What you should do
Every record below should be printed again exactly, with its pictures removed.

Segment Start: Record excerpts

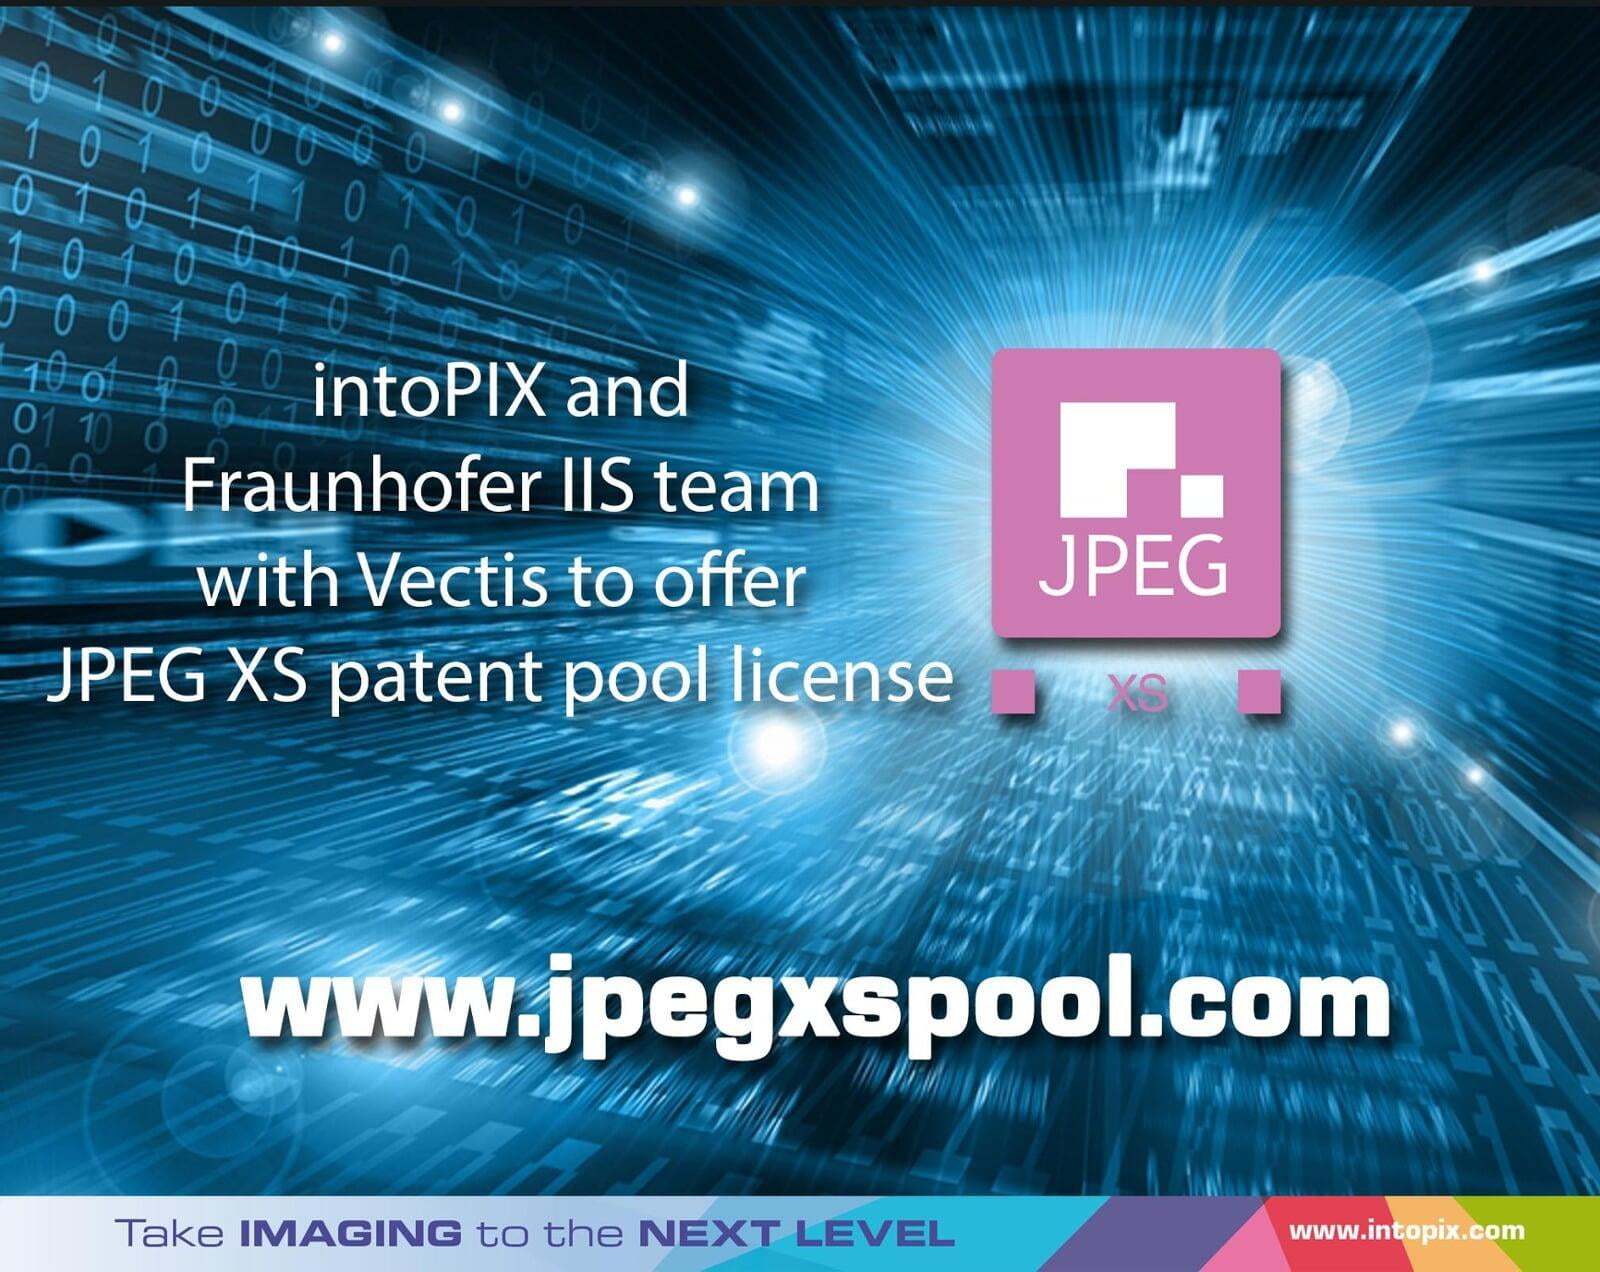 intoPIX 및 Fraunhofer IIS 팀, Vectis와 함께, JPEG XS 특허 풀 라이선스 제공
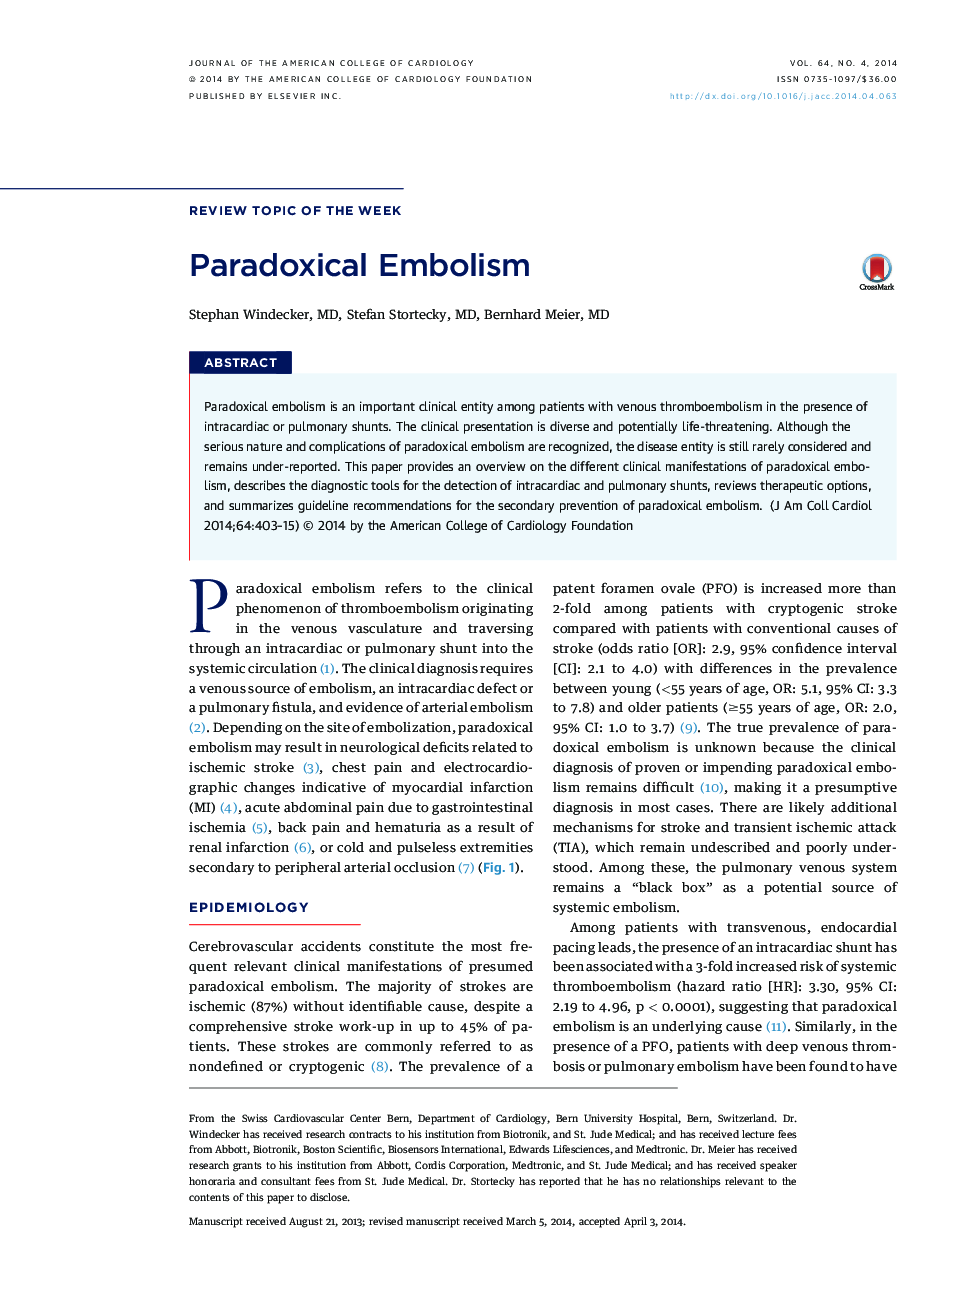 Paradoxical Embolism 
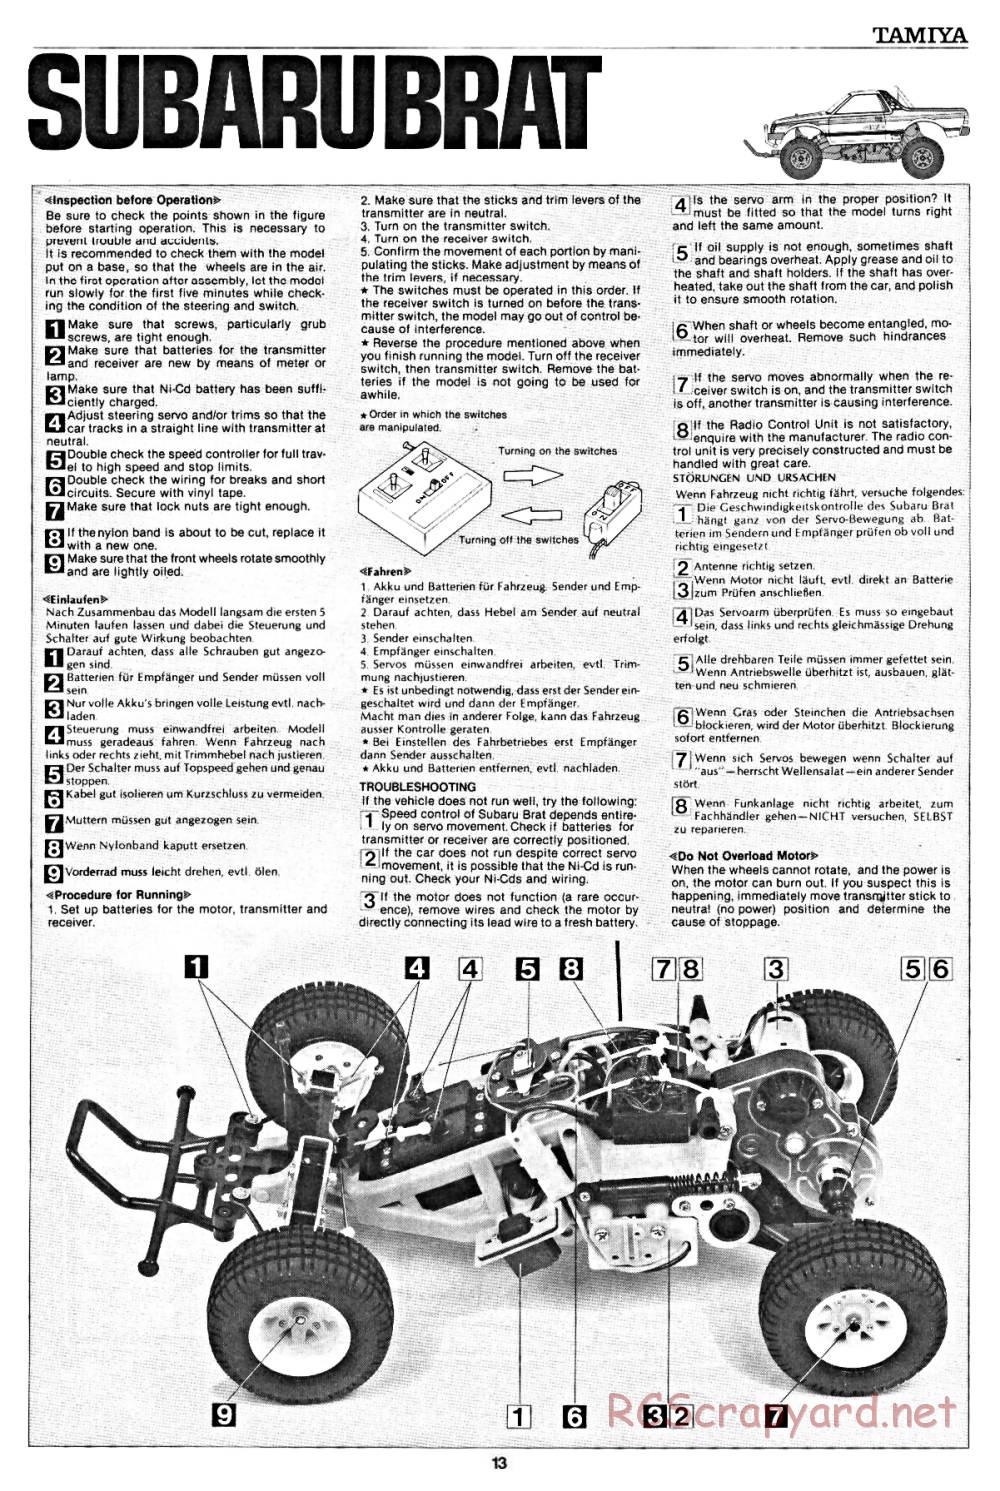 Tamiya - Subaru Brat - 58038 - Manual - Page 13
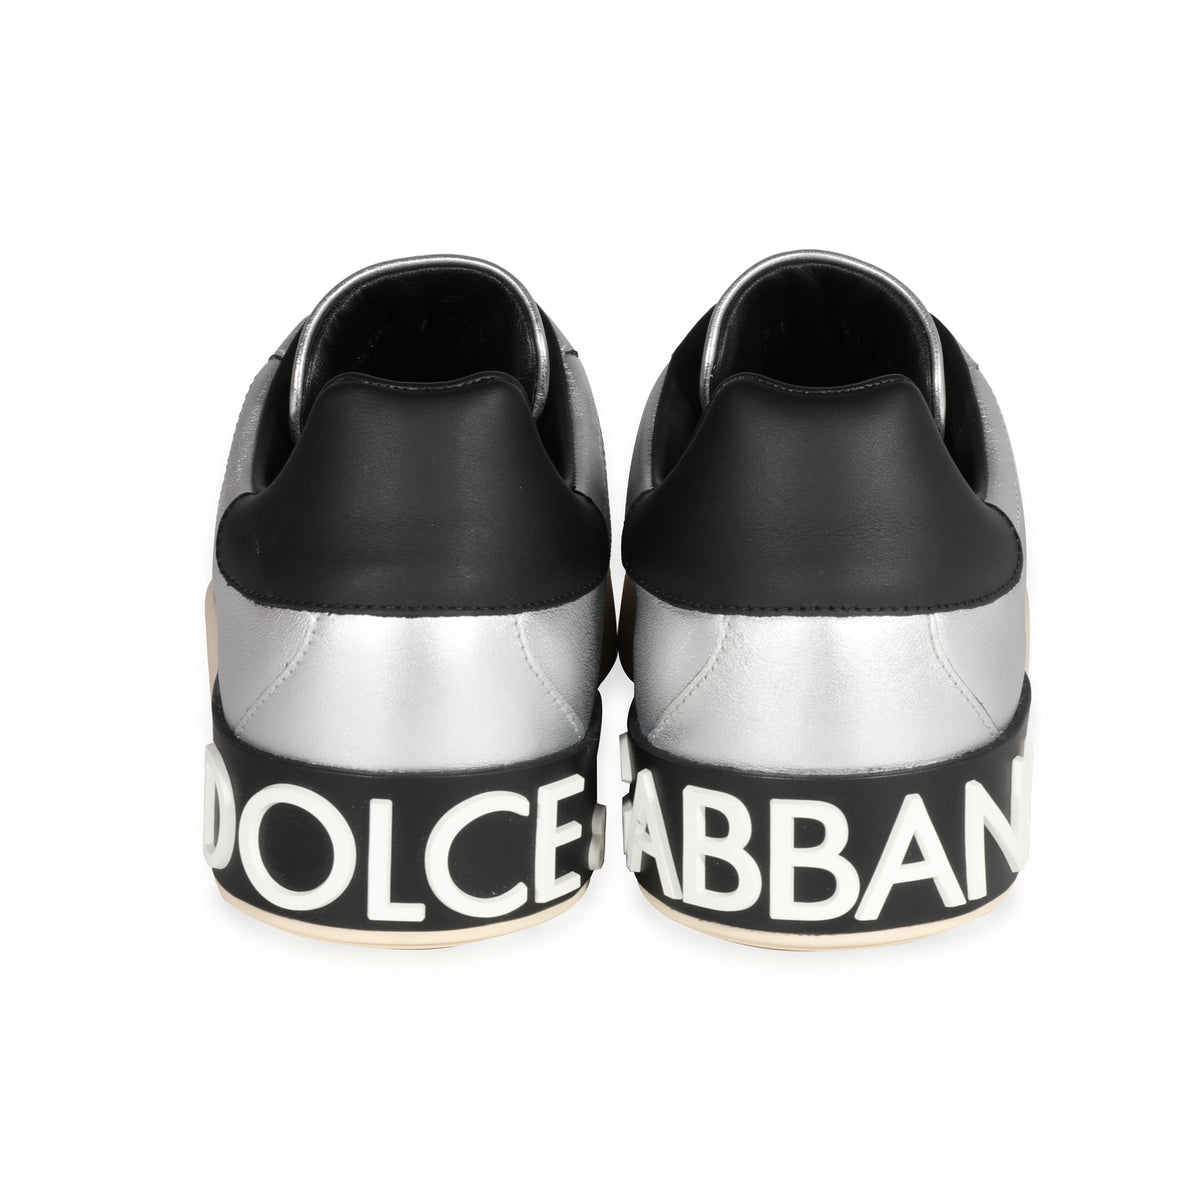 Dolce & Gabbana -  Dolce & Gabbana Portofino 'Silver' (41 EUR)
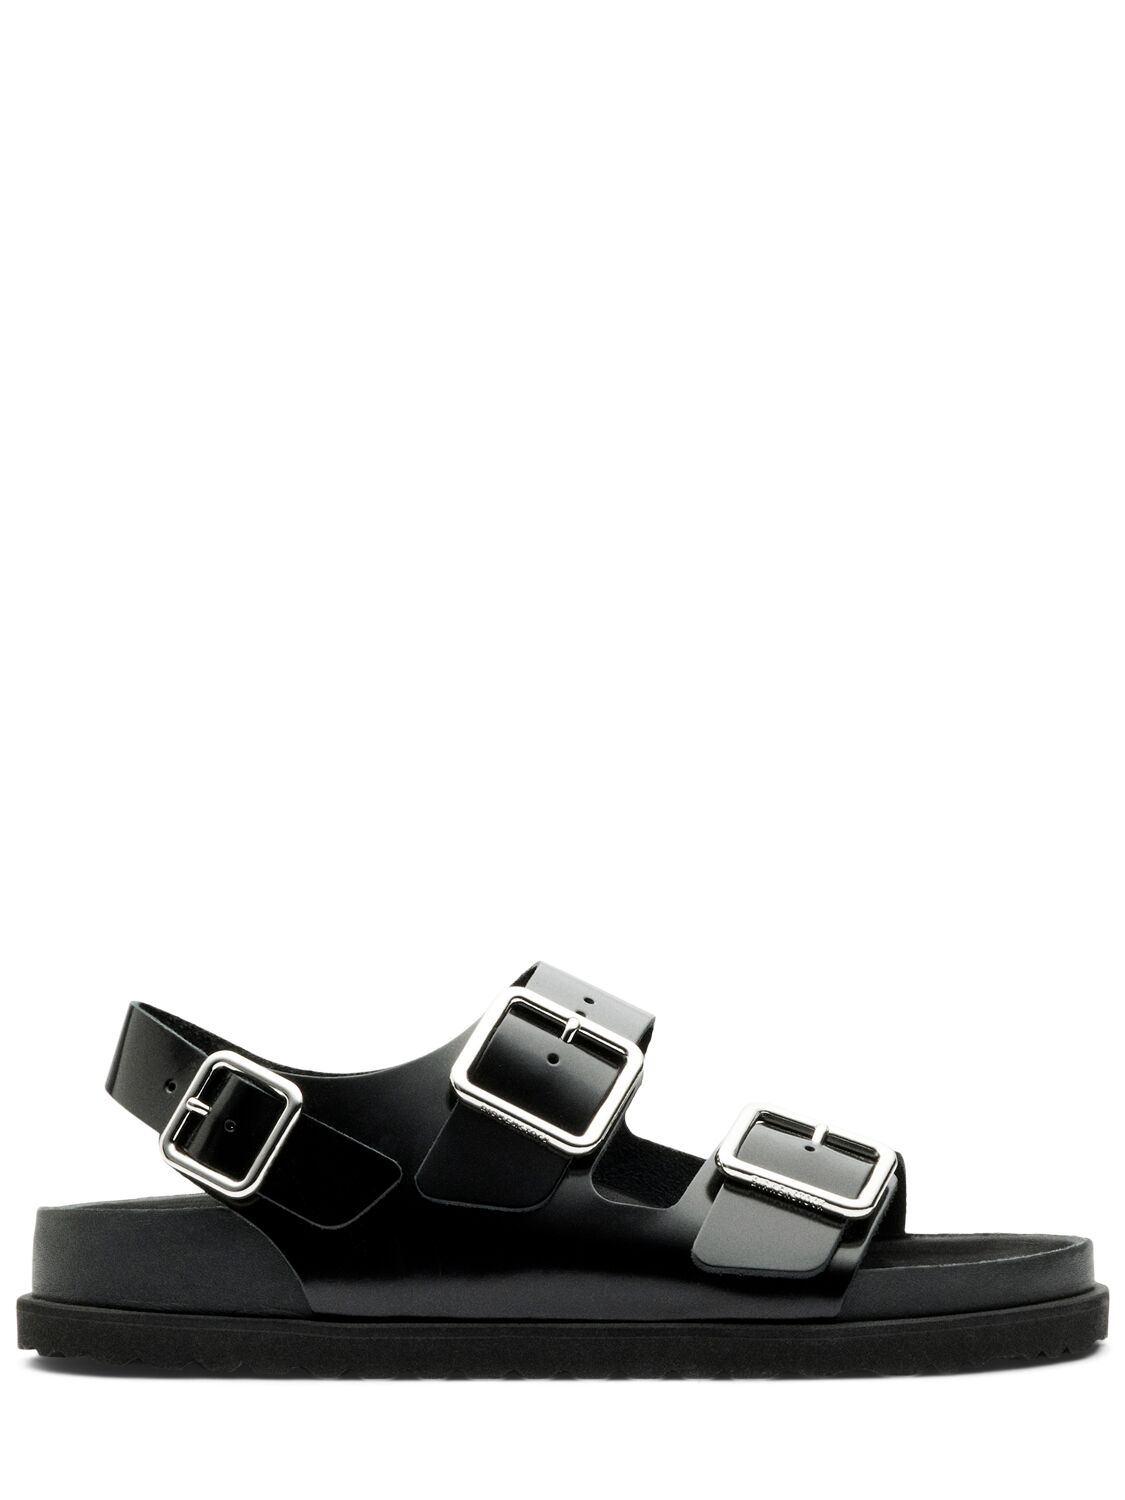 Image of Milano Shiny Leather Sandals

Segment End: Record excerpts

Answer to this exercise
 intoPIX 및 Fraunhofer IIS 팀, Vectis와 함께, JPEG XS 특허 풀 라이선스 제공
 Paradoxical Embolism 
 Tamiya - Subaru Brat - 58038 - Manual - Page 13
 Dolce & Gabbana -  Dolce & Gabbana Portofino 'Silver' (41 EUR)
 Image of Milano Shiny Leather Sandals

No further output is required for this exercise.